Клем проверил отпечатки, расплатился и отправился в ближайшее кафе. Он заказал эспрессо, достал ручку и начал писать на обратной стороне фотографий. На каждом снимке по-английски и по-французски он вывел один вопрос:
ГДЕ СКРЫВАЕТСЯ ЧЕЛОВЕК, ОТВЕТСТВЕННЫЙ ЗА РЕЗНЮ В Н***?
Он хотел бы иметь сто, двести оттисков, но для начала сойдет и пятьдесят. Один он оставил внутри меню в кафе. Следующие десять — в магазинах и барах в центре города. Один заложил между страниц модного журнала, другой пристроил среди брошюр в офисе «Американ экспресс». Добравшись на метро в район Евросоюза, он принялся заходить в закусочные и рестораны, где собирались на обед аппаратчики. На углу каждой улицы виднелись в небе яркие кабины задранных вверх кранов, как город в городе возвышающихся посреди кирпичной пыли на выутюженных бульдозерами старых площадях. Клем засунул несколько открыток за «дворники» дорогих машин, и один из шоферов накричал на него. Последние снимки он принес обратно в Матонге, припрятал половину в заведениях на рю де Лонг-Ви, а остальные — в магазинах вдоль Шоссе д'Иксель.

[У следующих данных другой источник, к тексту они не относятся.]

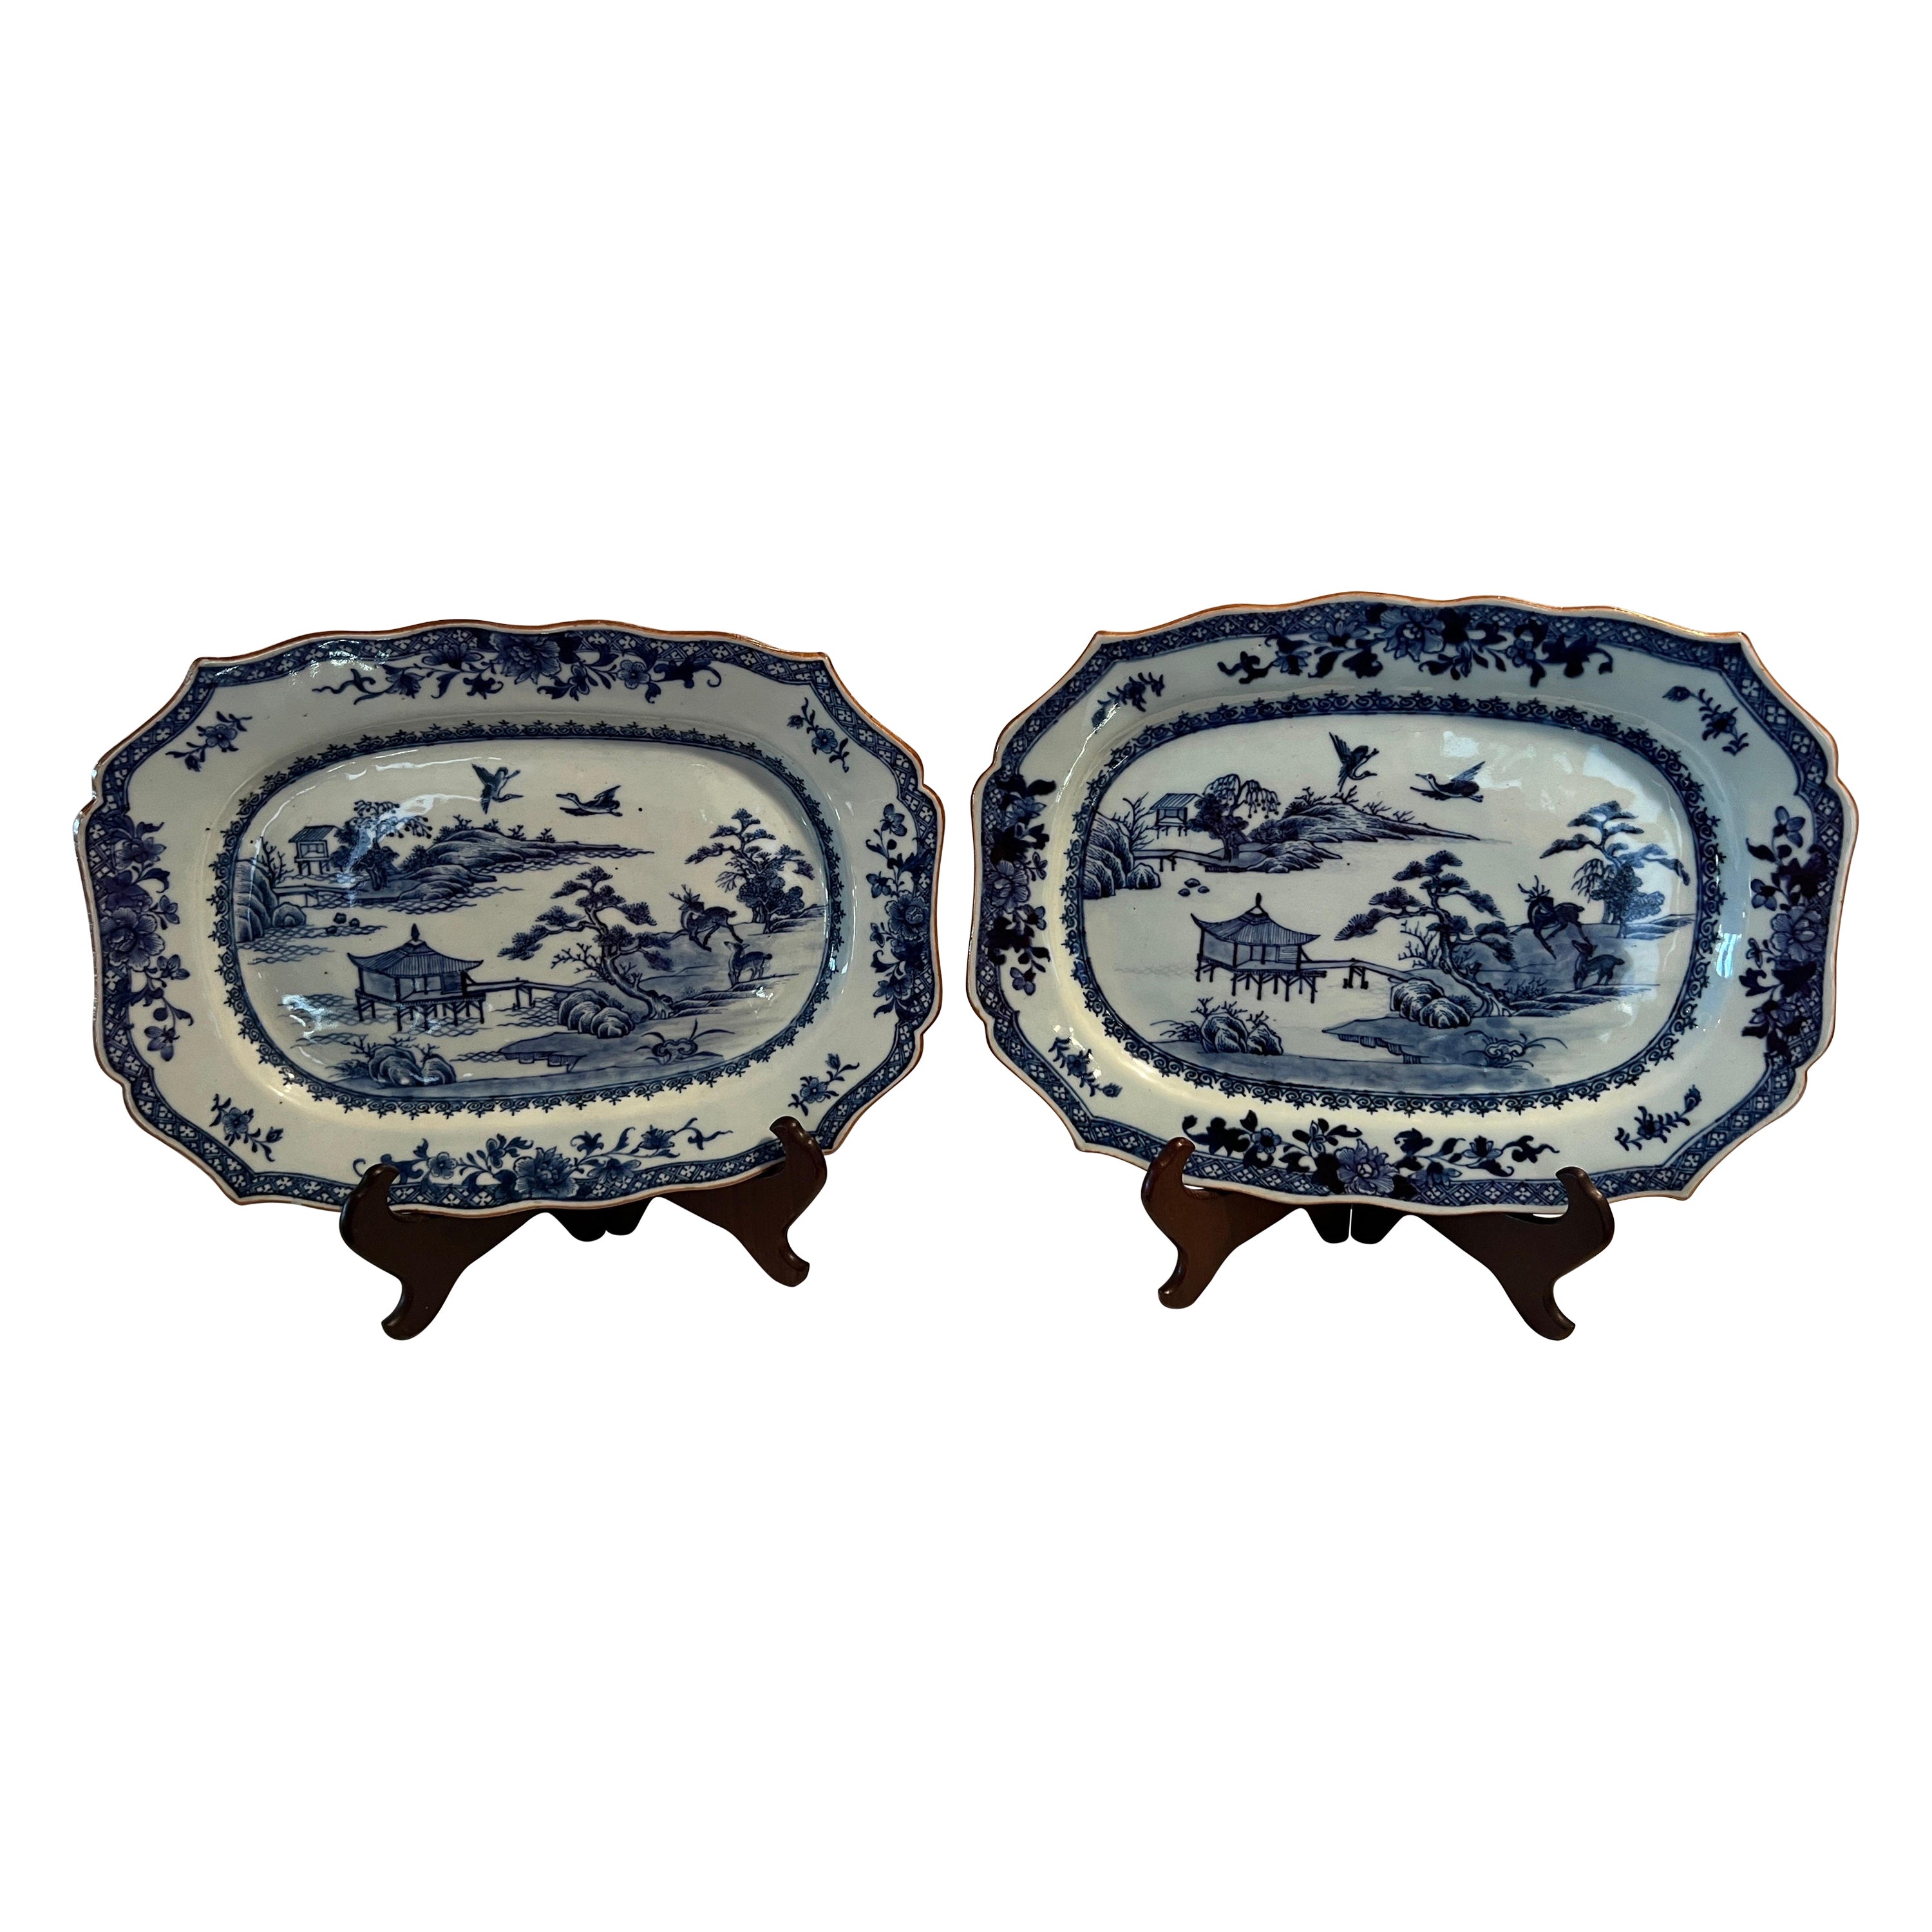 Paar Qianlong-Porzellanteller im chinesischen Exportstil aus blauem und weißem Porzellan – Hirschlandschaft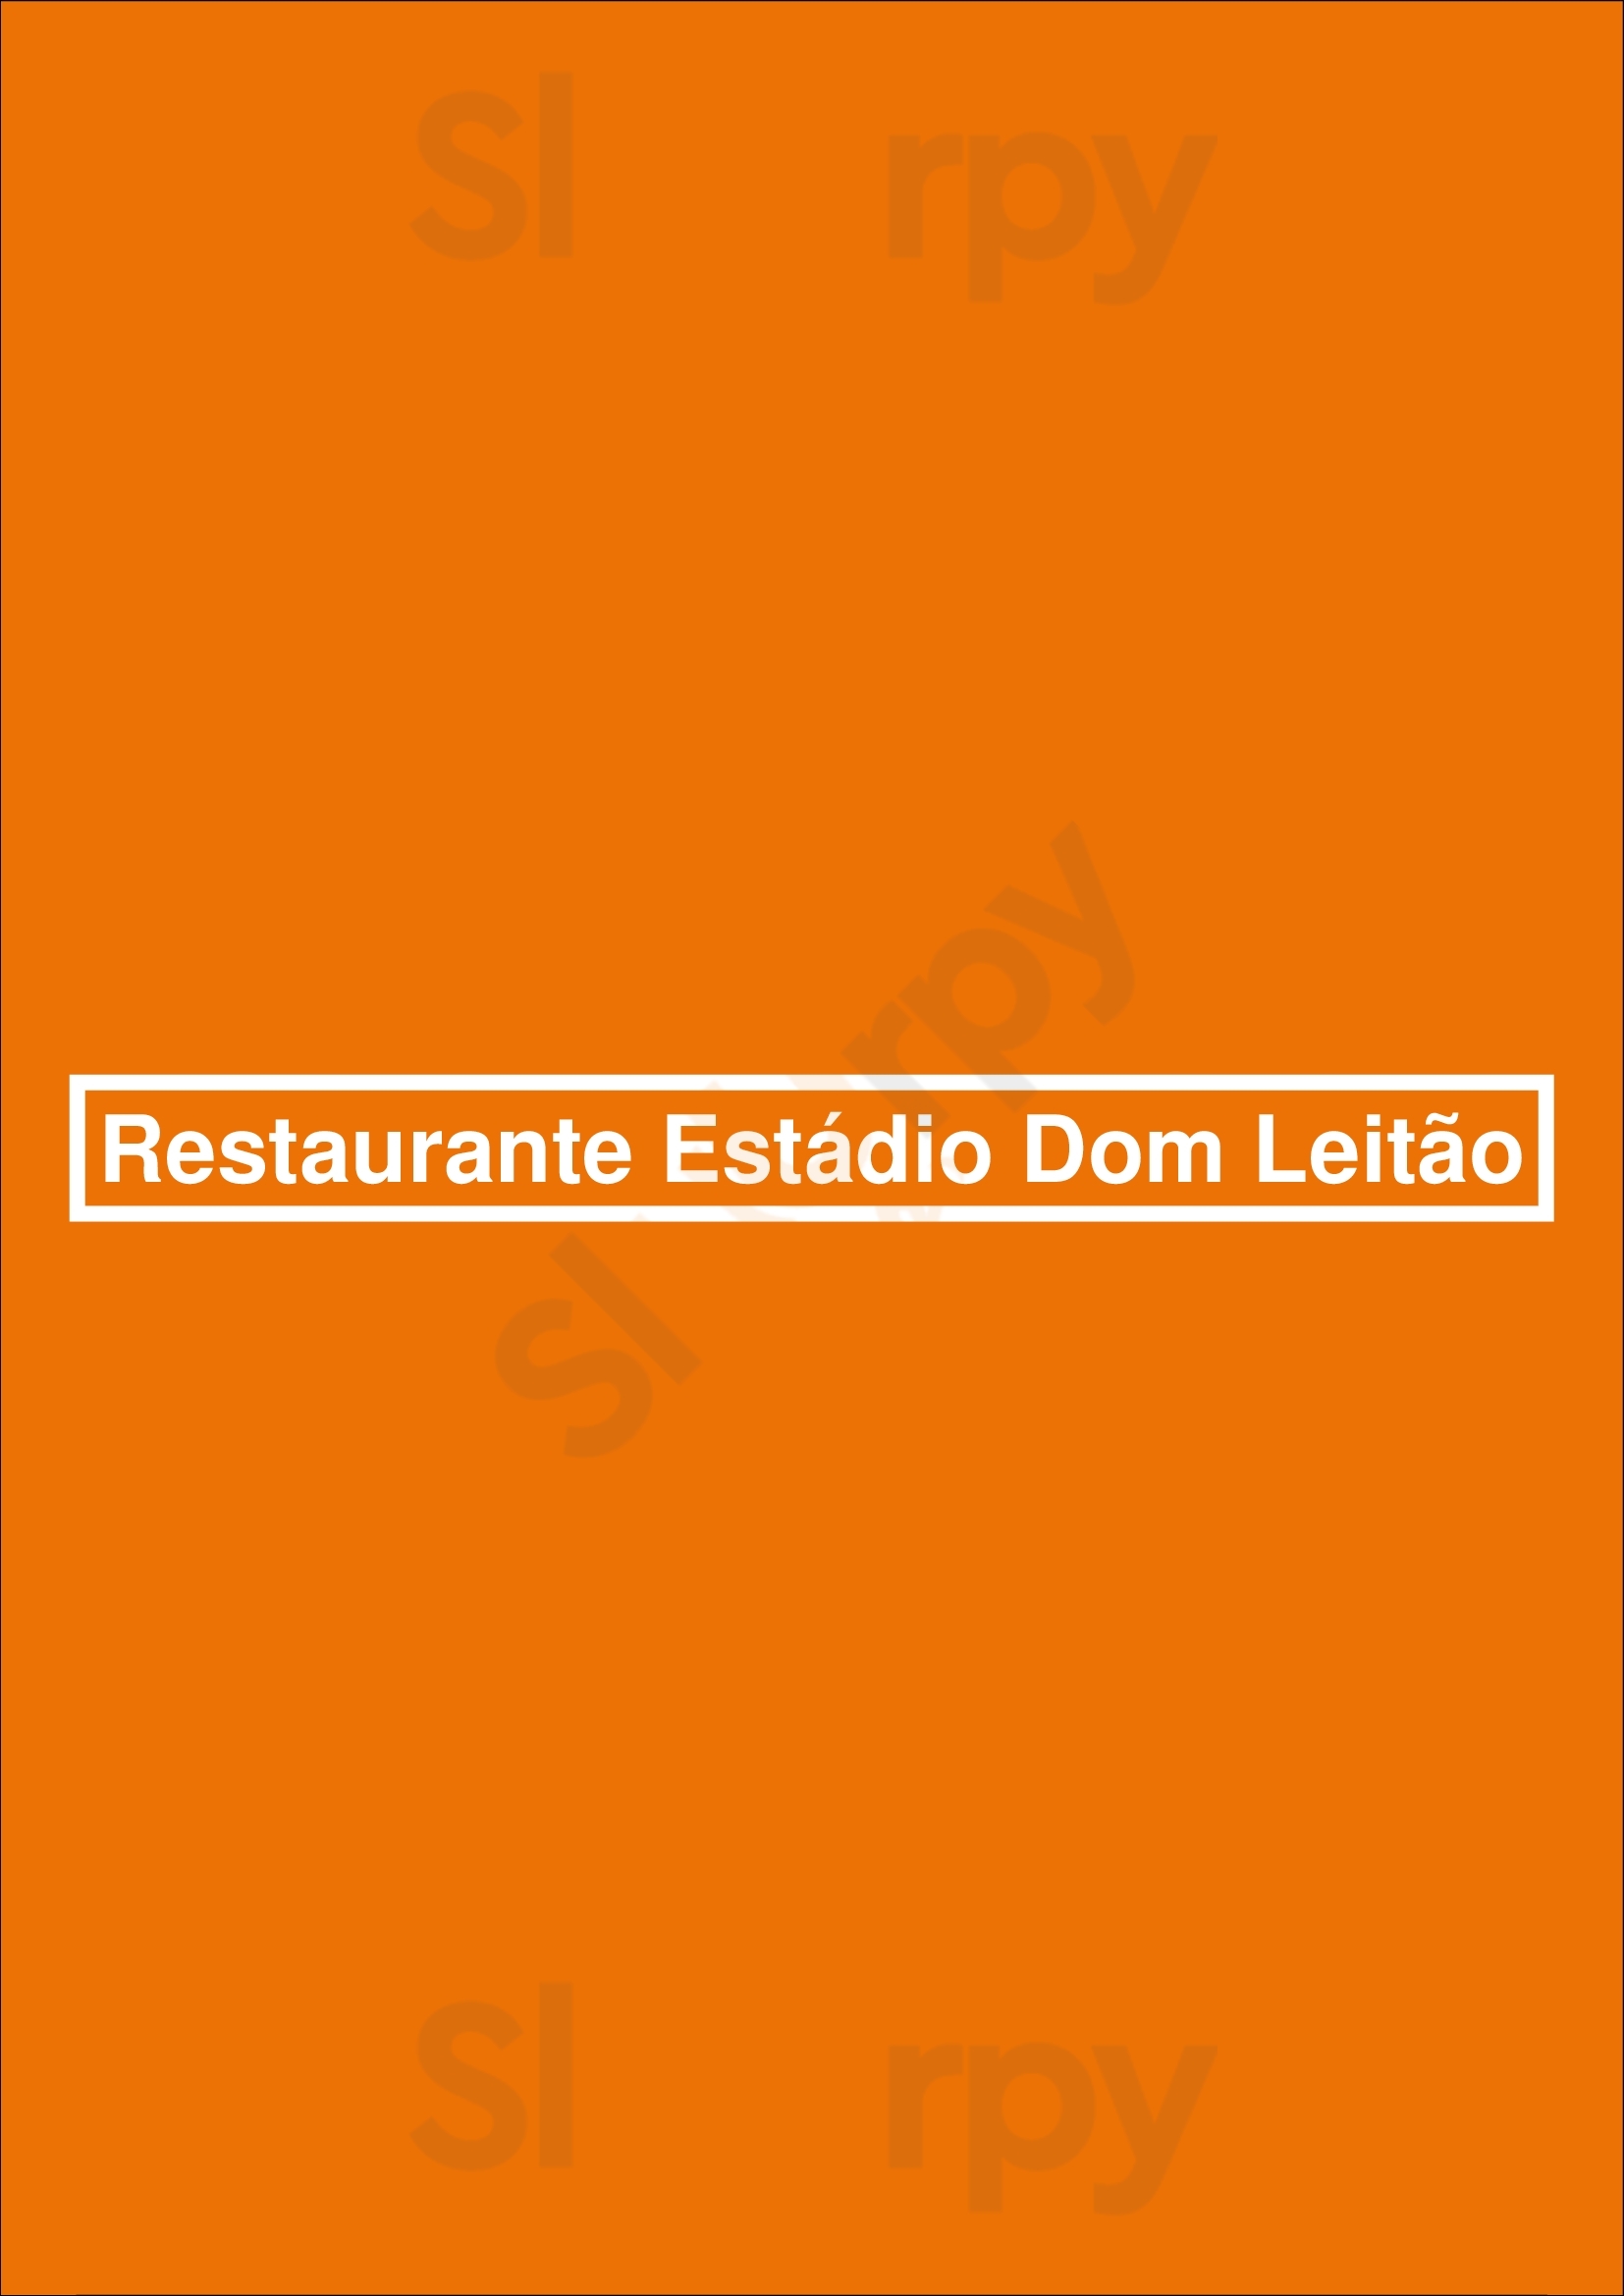 Restaurante Estádio Dom Leitão Lisboa Menu - 1

Вернувшись в гостиницу, Клем какое-то время смотрел по телевизору спутниковые программы; в пять — принял душ, сменил рубашку и сверился с картой. К бассейну на рю де ла Перш он подошел без двадцати шесть. Лоренсии Карамеры не было видно. Он поднялся на галереи для зрителей, где над глубоким бортиком бассейна тянулись ряды кресел. Там уже сидело с десяток человек — видимо, родителей, наблюдающих за своими чадами. Минут через десять он увидел уверенно спускающегося в ярко-зеленую воду Эмиля, а еще через минуту его мать прошла сквозь расположенные в задней части галереи двери. Клем помахал ей рукой. Быстро, но всматриваясь в лица, она обвела глазами разбросанные по рядам фигуры, потом направилась к нему и опустилась в соседнее кресло.
— Он уже хорошо плавает, — похвалил Клем.
— Мы ходим сюда каждую неделю, — сказала она.
— А отец тоже иногда приходит?
— Ему это было бы далековато.
— Вы с ним не живете?
— Вы задаете слишком много вопросов.
— А вы — совсем не задаете.
— Вы женаты?
— Нет.
— Так я и думала.
— А что — заметно?
— Конечно.
— Почему?
Ему было ужасно любопытно, что она скажет, но ответа не последовало.
— Я не хотел добавить вам трудностей, — сказал он.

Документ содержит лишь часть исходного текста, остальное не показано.